“No más pitutos”. Así de enfática era la pieza de la franja electoral del candidato presidencial Gabriel Boric, en la que se prometía instaurar un nuevo estándar en materia de contratación de personal en la administración del Estado. Evidentemente, no cumplió. Bastaron un par de semanas tras su elección para que los chilenos fuéramos testigos de cómo uno de los compromisos más significativos de su campaña, y también de los más esperados por la ciudadanía, se desmoronaba.
Nombramiento tras nombramiento, resultó tremendamente fácil evidenciar una densa y compleja red de parentescos y círculos de amistades del Primer Mandatario que coparon ministerios, gabinetes y embajadas. Javier Velasco, el actual y controvertido embajador de Chile en España, es quizás la figura más icónica de aquello.
Velasco, a diferencia de múltiples profesionales que forman parte de nuestro servicio exterior, no cuenta ni con la preparación, ni la experiencia, como tampoco con la sobriedad ni la prudencia que exige la función diplomática. Sin embargo, quizás consciente de su condición de intocable, el embajador parece jactarse de su falta de criterio, como esos adolescentes malcriados que saben que nunca deberán enfrentar las consecuencias de sus actos porque sus adultos responsables jamás los reprenderán.
Pero la cuestión parece tener raíces más profundas. La generación frenteamplista nunca ha debido enfrentar el peso ni el rigor de tener que asumir responsabilidades ante un superior. Es una generación que ni siquiera tuvo que decir “chao jefe” cuando llegó al poder, porque, de hecho, nunca tuvieron jefes.
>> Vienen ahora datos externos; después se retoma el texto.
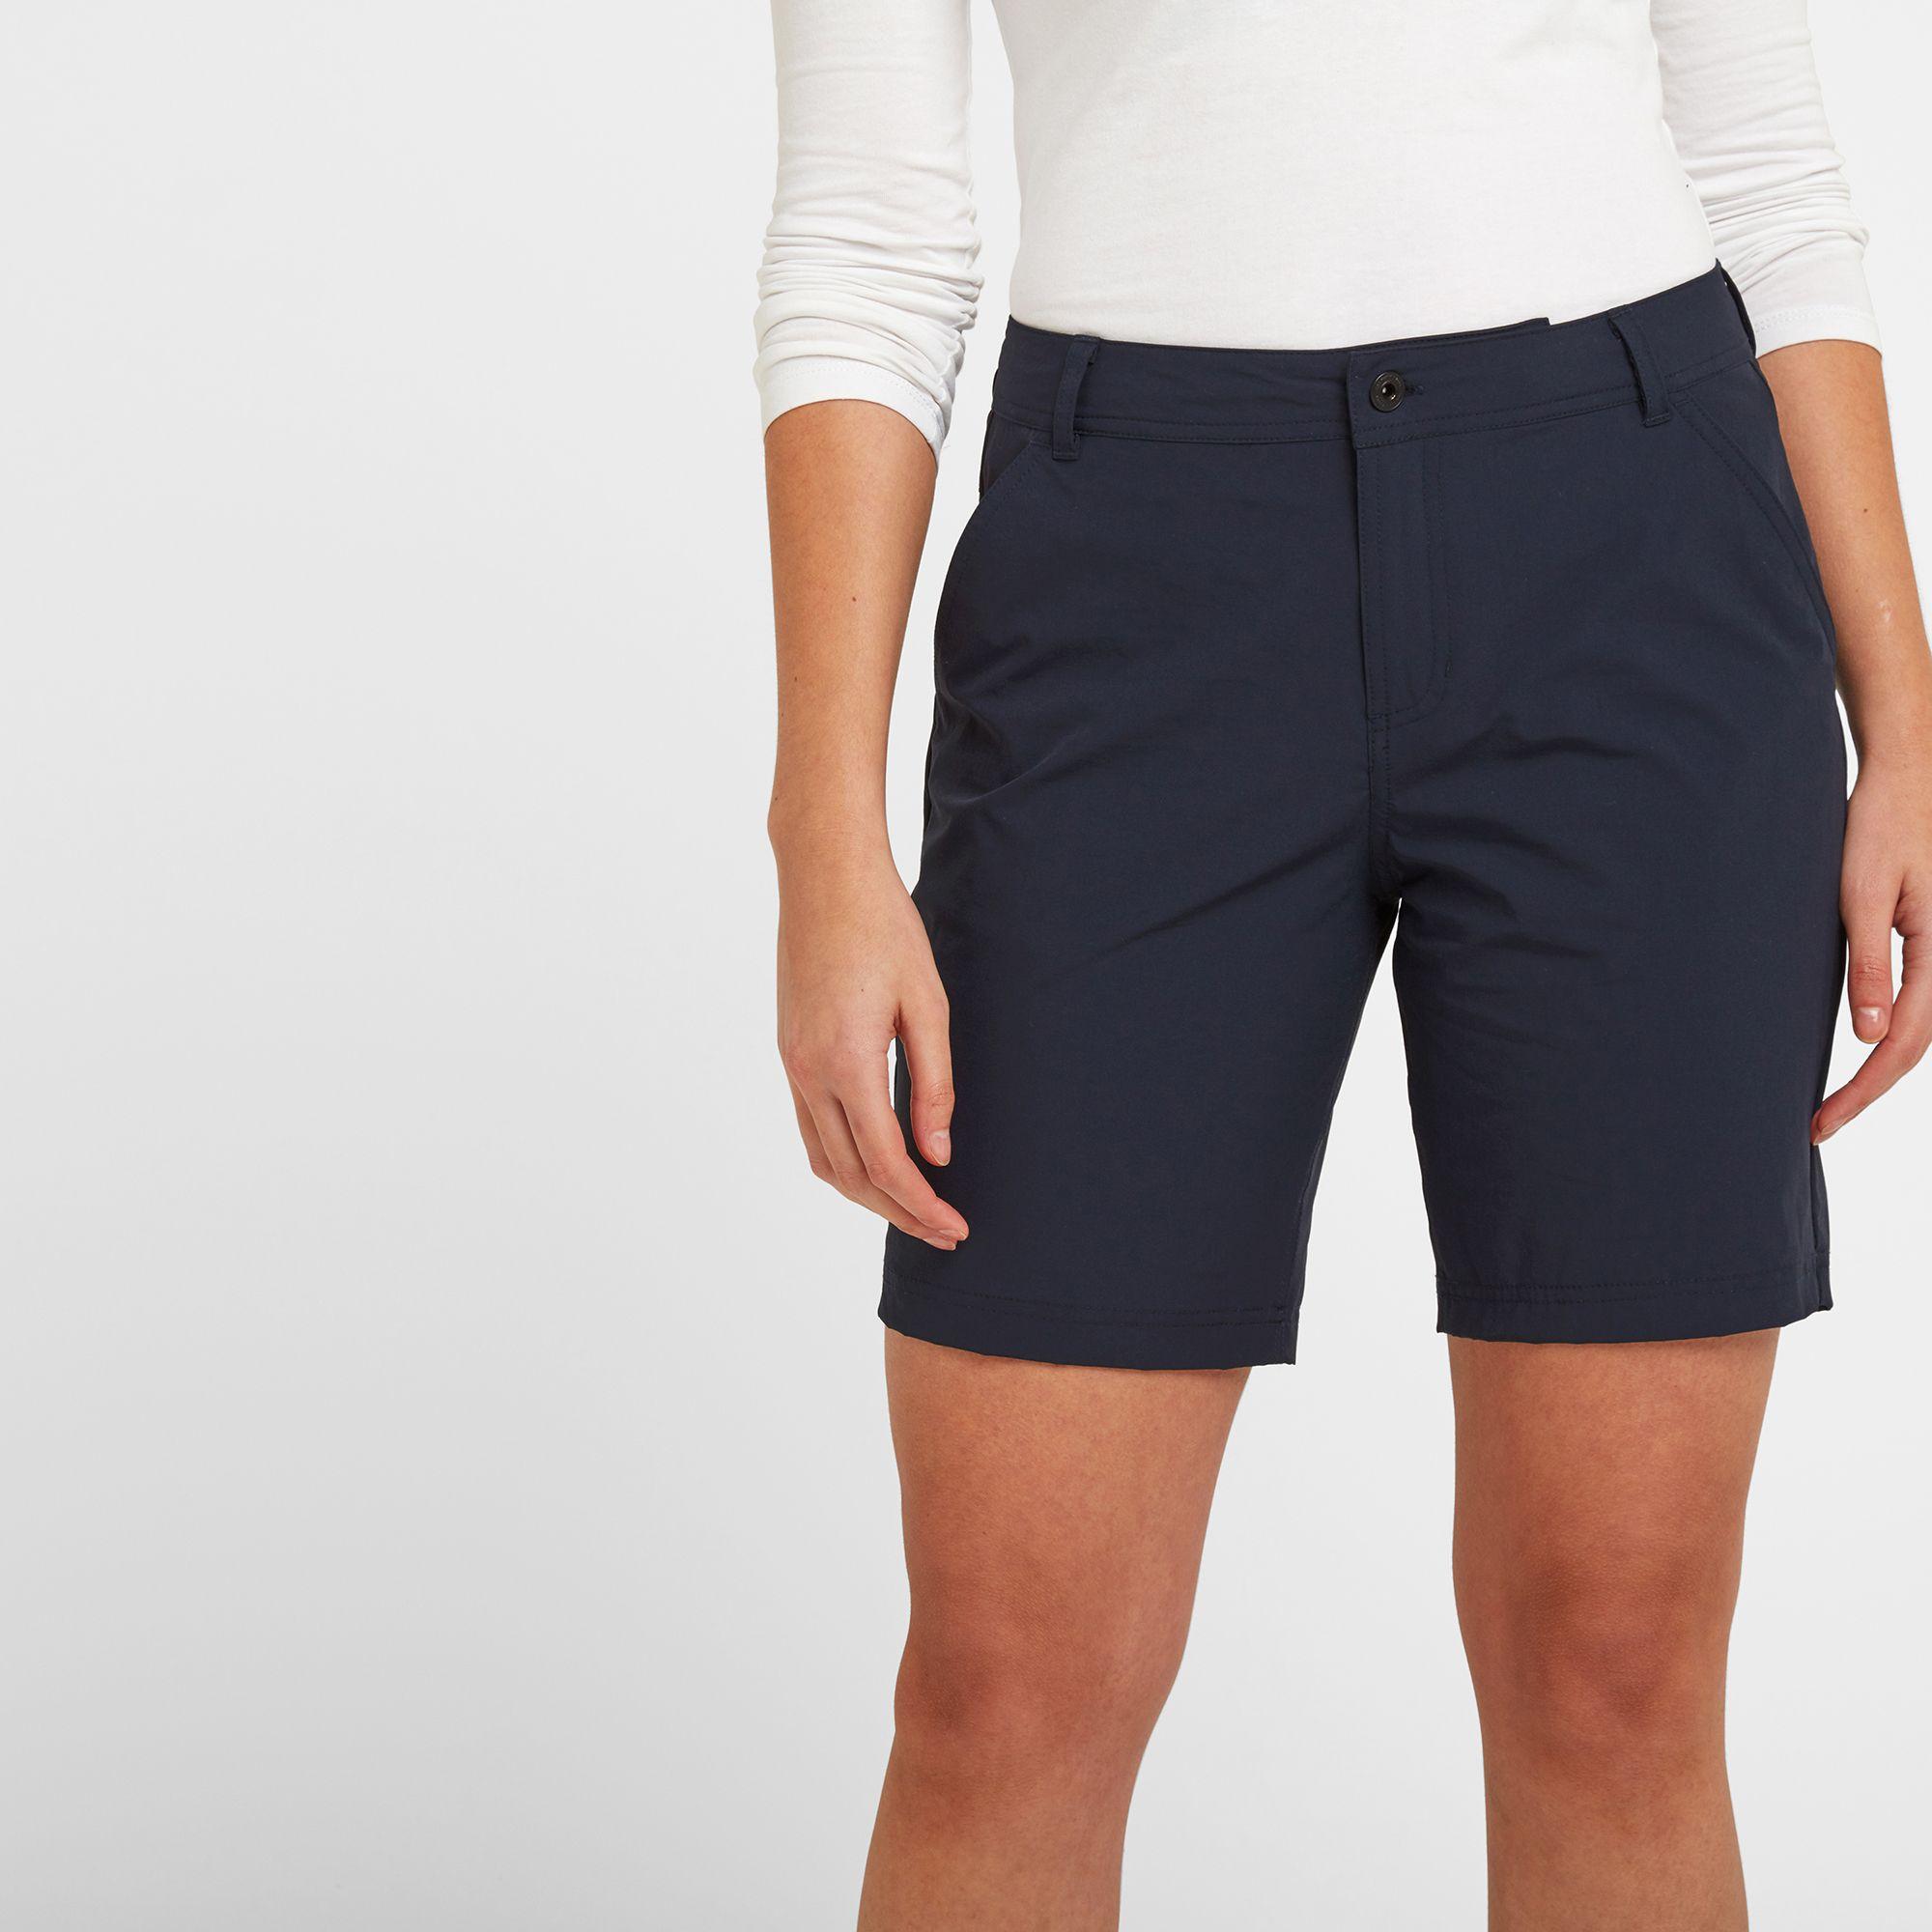 Denver Womens Shorts Navy

Saltaron directamente de la agitación estudiantil al parlamento.
Ahí, sus empleadores fueron sus amigos diputados, como en el caso de Velasco, que trabajó como asesor de Gonzalo Winter, mientras que otros se beneficiaron de los generosos programas de Becas Chile cursando estudios de posgrados para luego aplicar sus heterodoxas teorías y enfoques, con la población chilena como gran campo experimental. De ahí que el acto de rectificar, acatar órdenes o disciplinar la conducta sean acciones que no existen en la corta hoja de vida laboral de esta generación gobernante.
Es por eso que el presunto “llamado al orden” que el Presidente Boric realizó a su amigo íntimo, el embajador Velasco, tras sus declaraciones en un foro en Madrid, donde invitó a las empresas peninsulares a proveer armas a Chile tras la decisión del actual gobierno de someter a revisión la política de defensa con Israel, finalmente no se tradujo en nada. Porque en el fondo, Velasco sigue gozando de la confianza de Boric, porque al parecer, el Presidente considera que la política exterior debe guiarse más por afecto que por talento.
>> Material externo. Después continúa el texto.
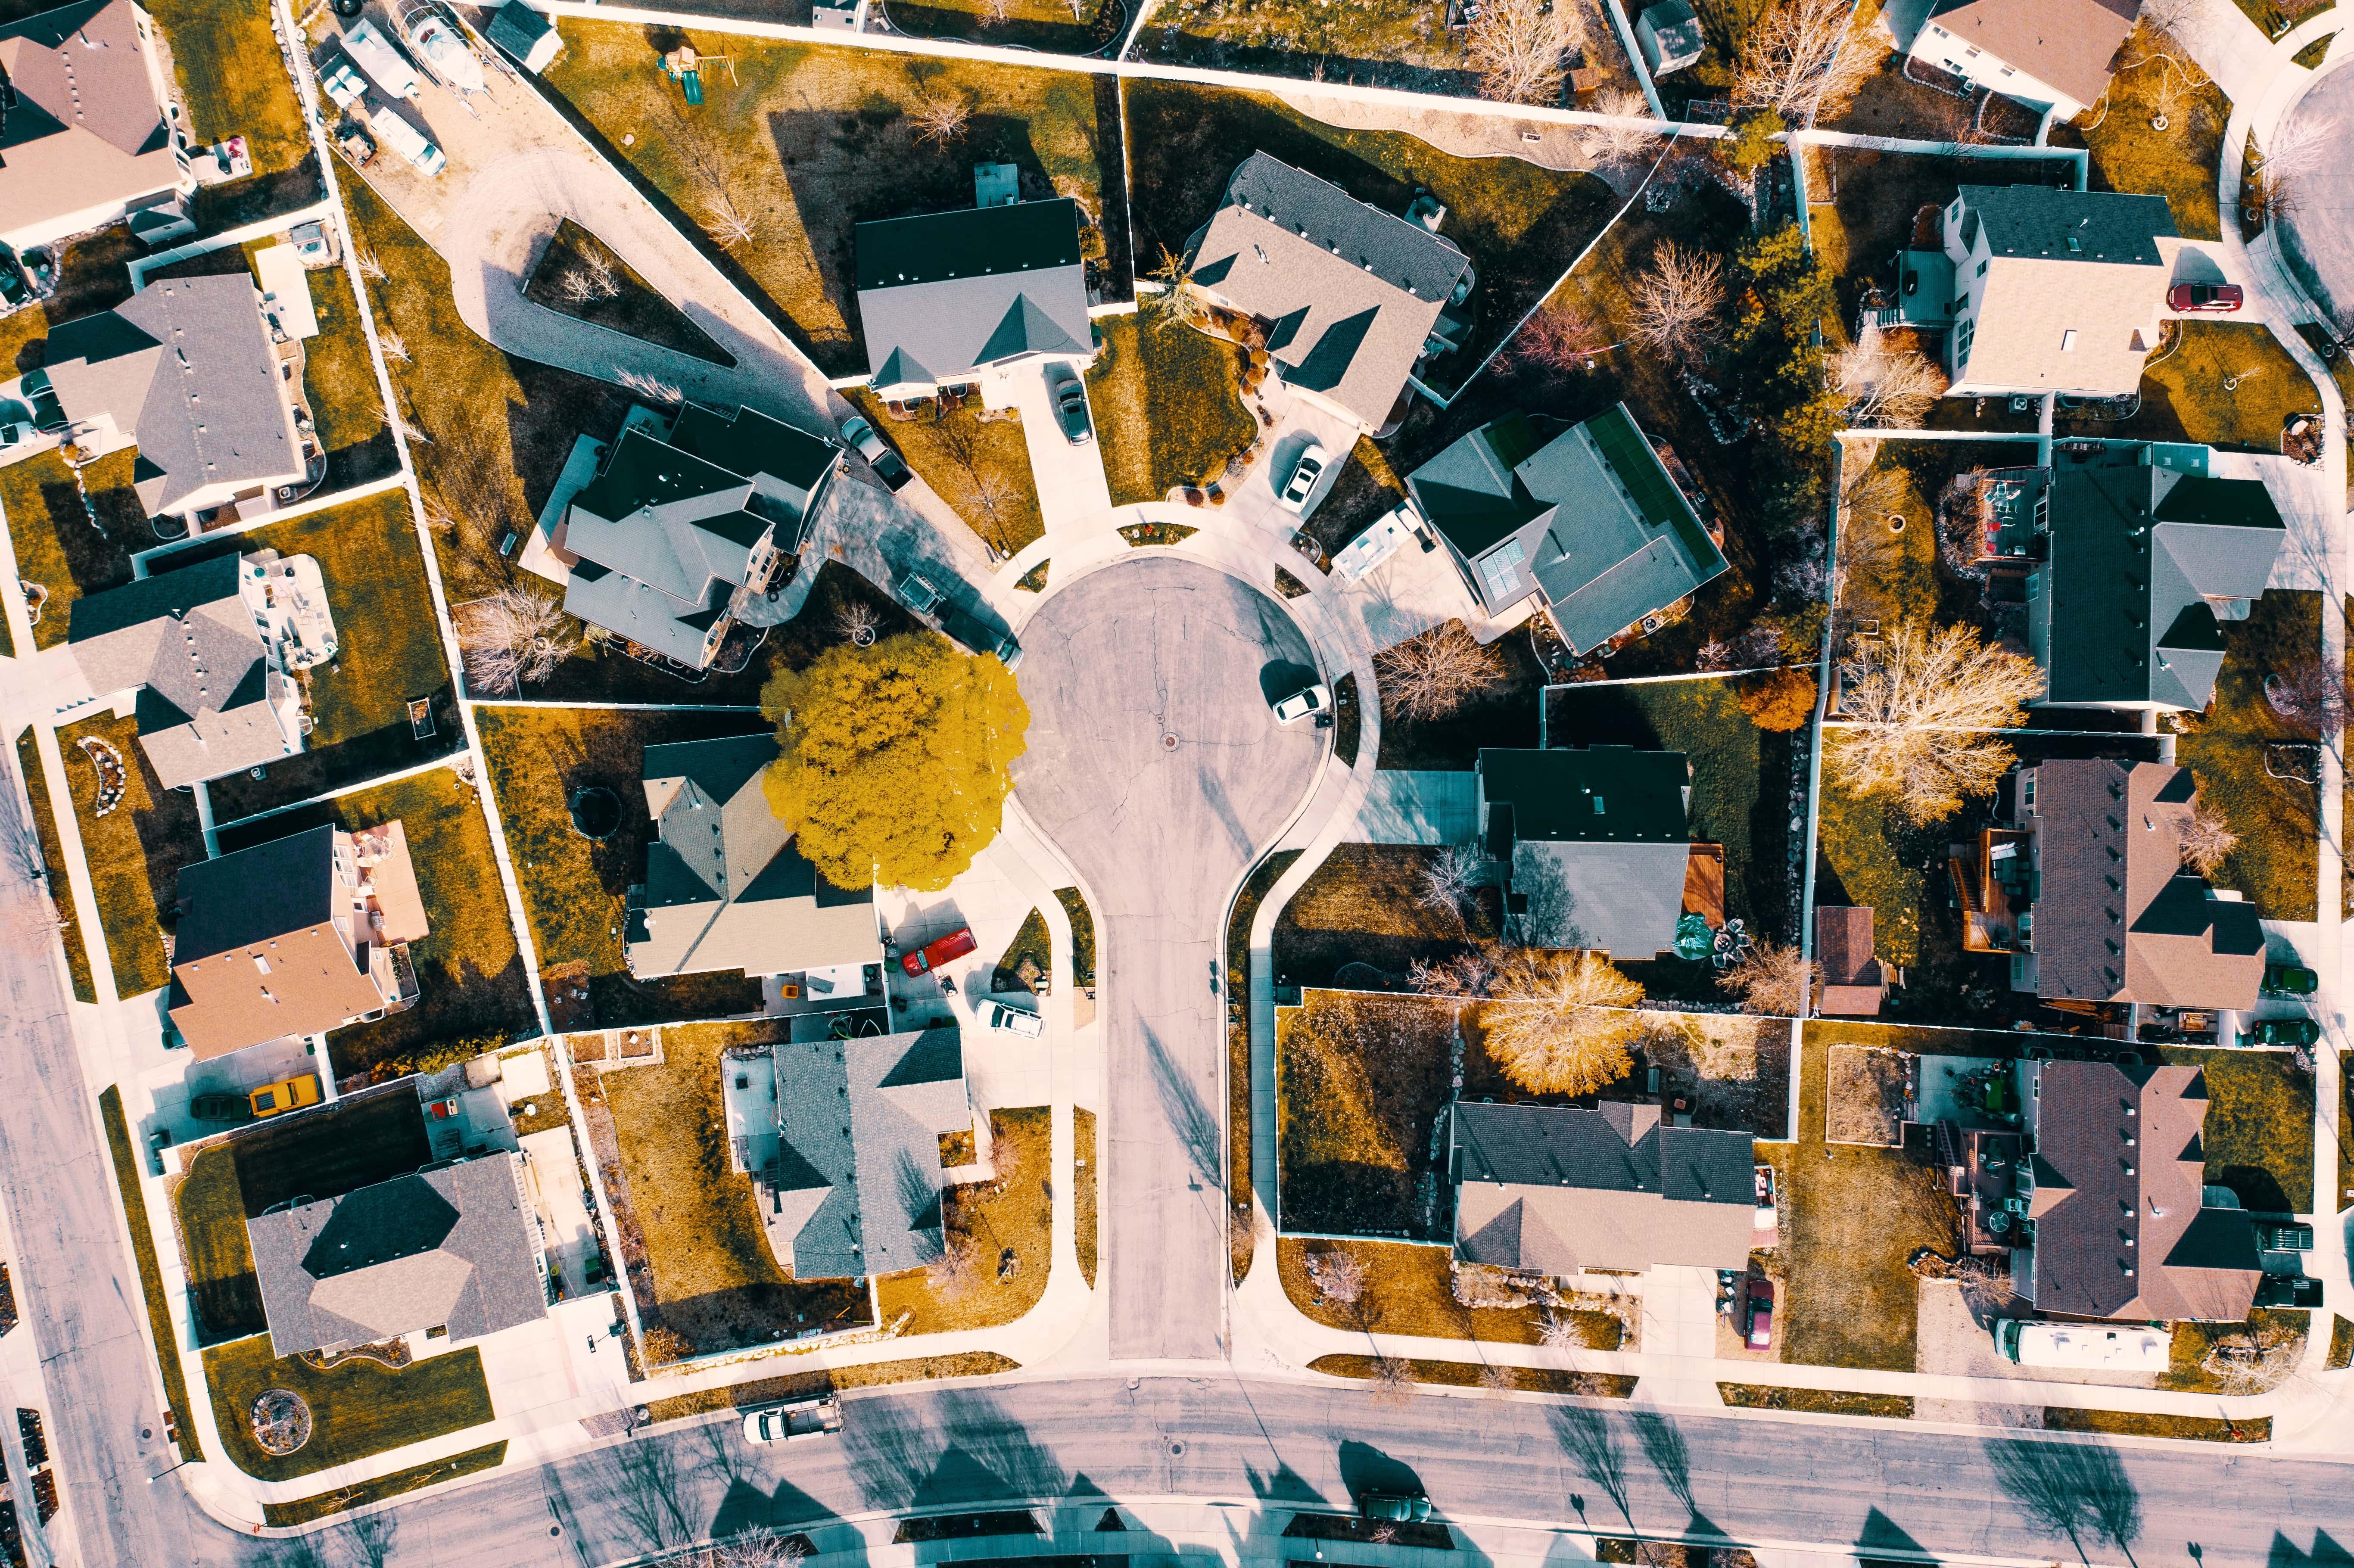 bird's eye view of a suburban roundabout

En la historia abundan casos de amigos de gobernantes que, en lugar de facilitarle las tareas de gobierno a sus camaradas, terminaron convirtiéndose en auténticos dolores de cabeza para ellos. En el Imperio Romano, el emperador Cómodo nombró en puestos clave de la administración de gobierno a una cúpula de amigos designados como “los favoritos”, quienes solo contribuyeron a aumentar el resentimiento y descontento hacia el emperador, actuando con falta de criterio, corrupción y ostentación de poder.
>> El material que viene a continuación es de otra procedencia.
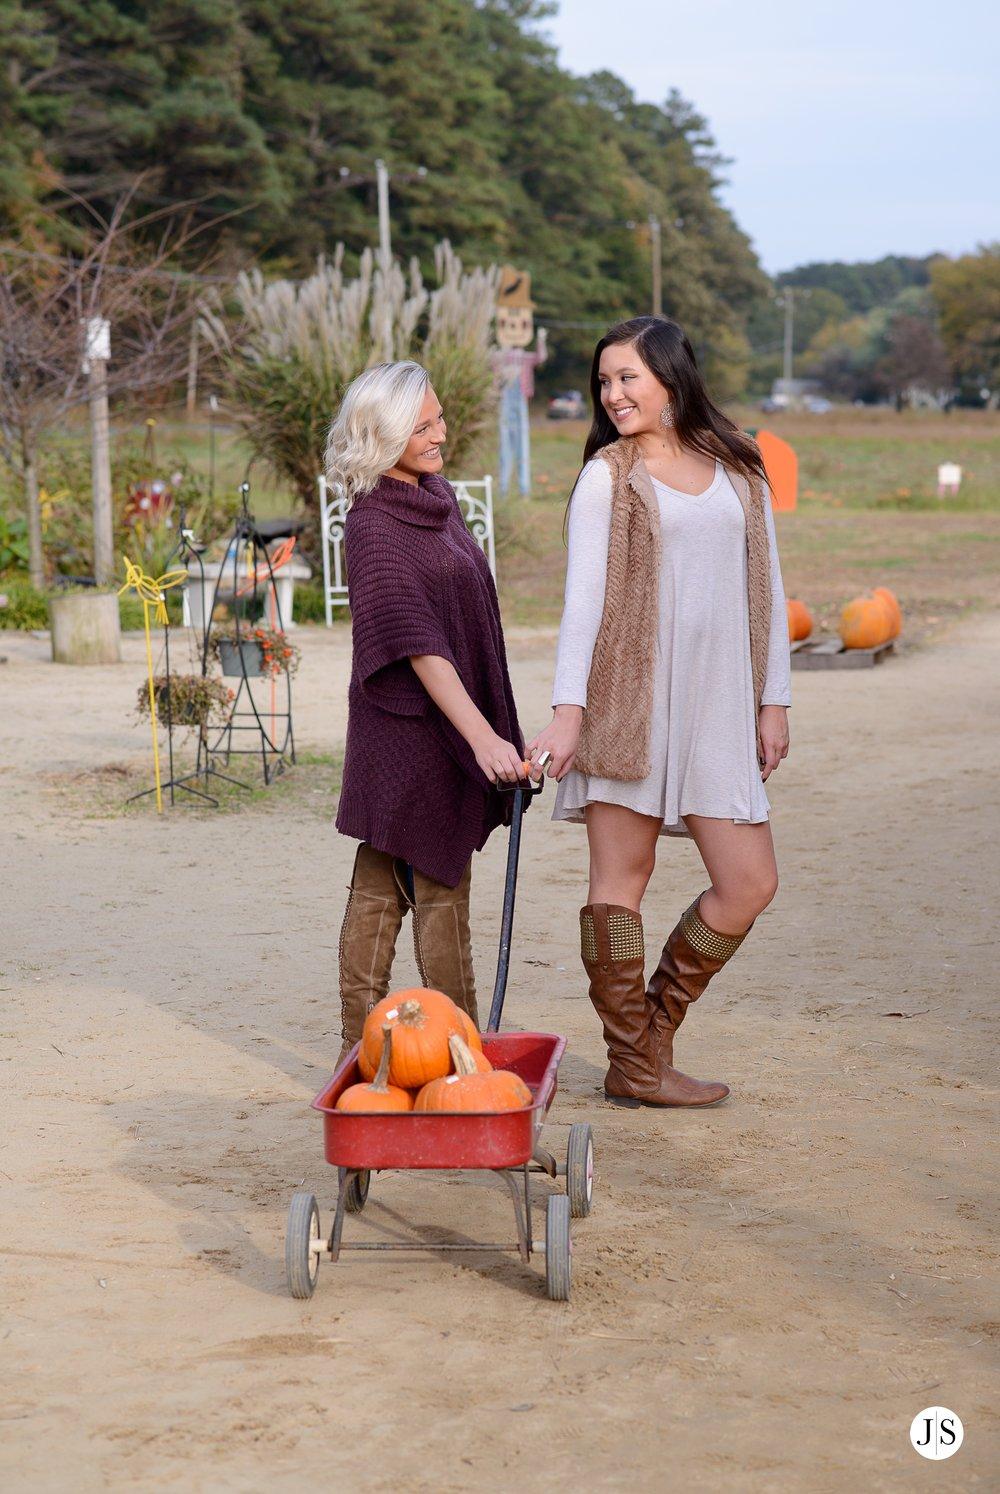 senior-portrait-pumpkins-maryland-adkins-farm-fall-portraits-modelreps-photo 5.jpg

De hecho, el historiador Edward Gibbon, autor del clásico texto “Historia de la decadencia y caída del Imperio Romano”, sitúa en la erosión de valores morales promovidos por los romanos, como la frugalidad y la disciplina, una de las principales razones de la caída de ese monumental imperio.
La lección de la historia es clara: los gobiernos que priorizan la lealtad personal sobre el mérito y la capacidad profesional están destinados a enfrentar serios problemas de credibilidad y confianza.
Con amigos como Velasco en el ejercicio del poder, el Presidente tampoco requiere de grandes enemigos.